Тактика Гершлера заключалась в следующем: зная свое лучшее время на дистанциях в 100 метров и других, пробежать стометровку хуже своего рекорда на 3 секунды, а потом отдышаться, снизив пульс минимум до 120 ударов, в течение двух минут. После этого пробежать дистанцию вторично,
снова отдышаться. Завершать тренировку, когда уже не удается успокоить сердцебиение за отведенные две минуты. Время тренировки рассчитывается индивидуально, но она не должна длиться больше 30 минут.
Фартлек
Название это шведское и переводится как «игра на скорость». Этот вид интервального тренинга был введен еще в 50-х годах в программу подготовки олимпийской сборной Швеции, а позже был опробован и одобрен корпусом морской пехоты США.
Программа предполагает смену интенсивности движения: на старте развивается крейсерская скорость, а затем один-два километра пробегаются в довольно спокойном темпе.
Лучше всего тренироваться вдвоем, бегая на скорость наперегонки. Сначала размяться 10 минут, затем легкий бег, потом ускорение и километр-два в обычном темпе, в конце — ходьба. Не более 20 минут вся тренировка.
Протокол Табата
Японский доктор Идзуми Табата (Национальный институт фитнеса и спорта в Каноя) разработал расписанную по секундам тренировку длительностью в четыре минуты. Тренировка Табата позволяет сжигать жира в 9 раз больше, чем, к примеру, обычная пробежка.

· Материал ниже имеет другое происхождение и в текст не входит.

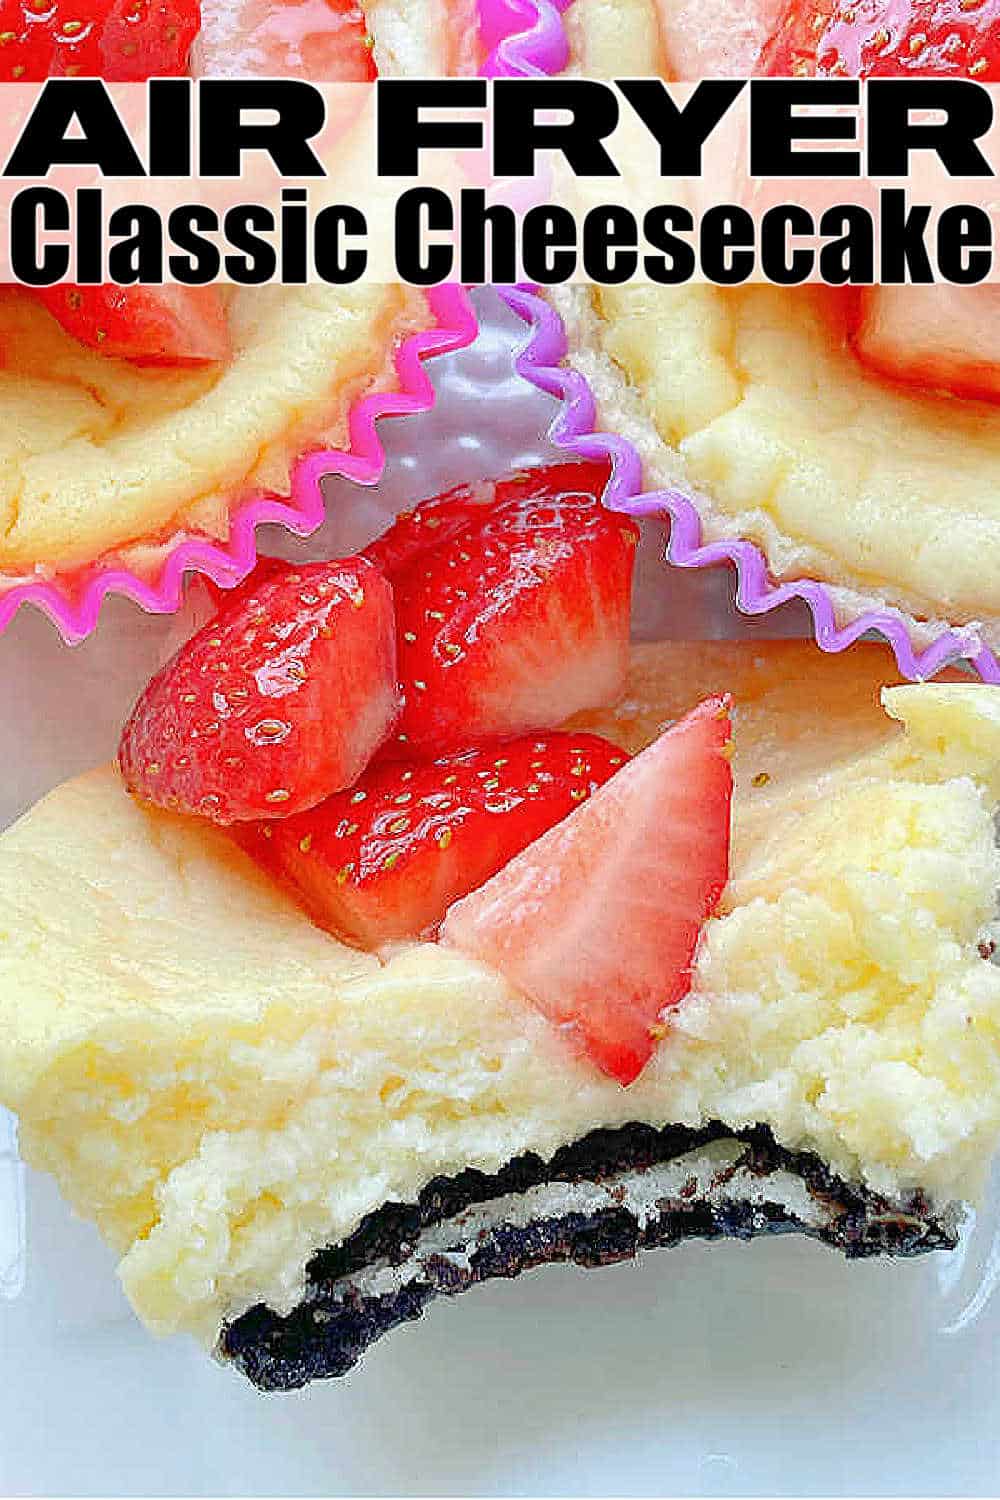 Air Fryer Cheesecake | Foodtastic Mom #airfryerrecipes #cheesecakerecipes #minicheesecakes #airfryercheesecake via @foodtasticmom

Суть метода Табата следующая: выбирается одно или несколько упражнений (скручивание пресса, приседания, отжимания) и выполняется на высокой скорости — 20 раз за 20 секунд, потом 10 секунд на отдых, и так восемь раз. Длительность тренинга Табата составляет 4 минуты.
Фит Микс
Это авторская разработка Леонида Зайцева, который сочетает в своем тренинге пилатес, фитнес-йогу, фит-бокс, сделав интервальную тренировку в чистом виде. Комплекс из 12 уроков осваивается в эфире канала «Живи!», тренинг занимает 30 минут.
Преимущества
Недостатки
Для осуществления интервального тренинга необходимо здоровое сердце. Такие тренировки не подходят для ежедневных нагрузок — два-три раза в неделю максимум, и желательно под присмотром опытного тренера. Для новичков в спорте и людей старше сорока интервальный тренинг — не лучший выбор.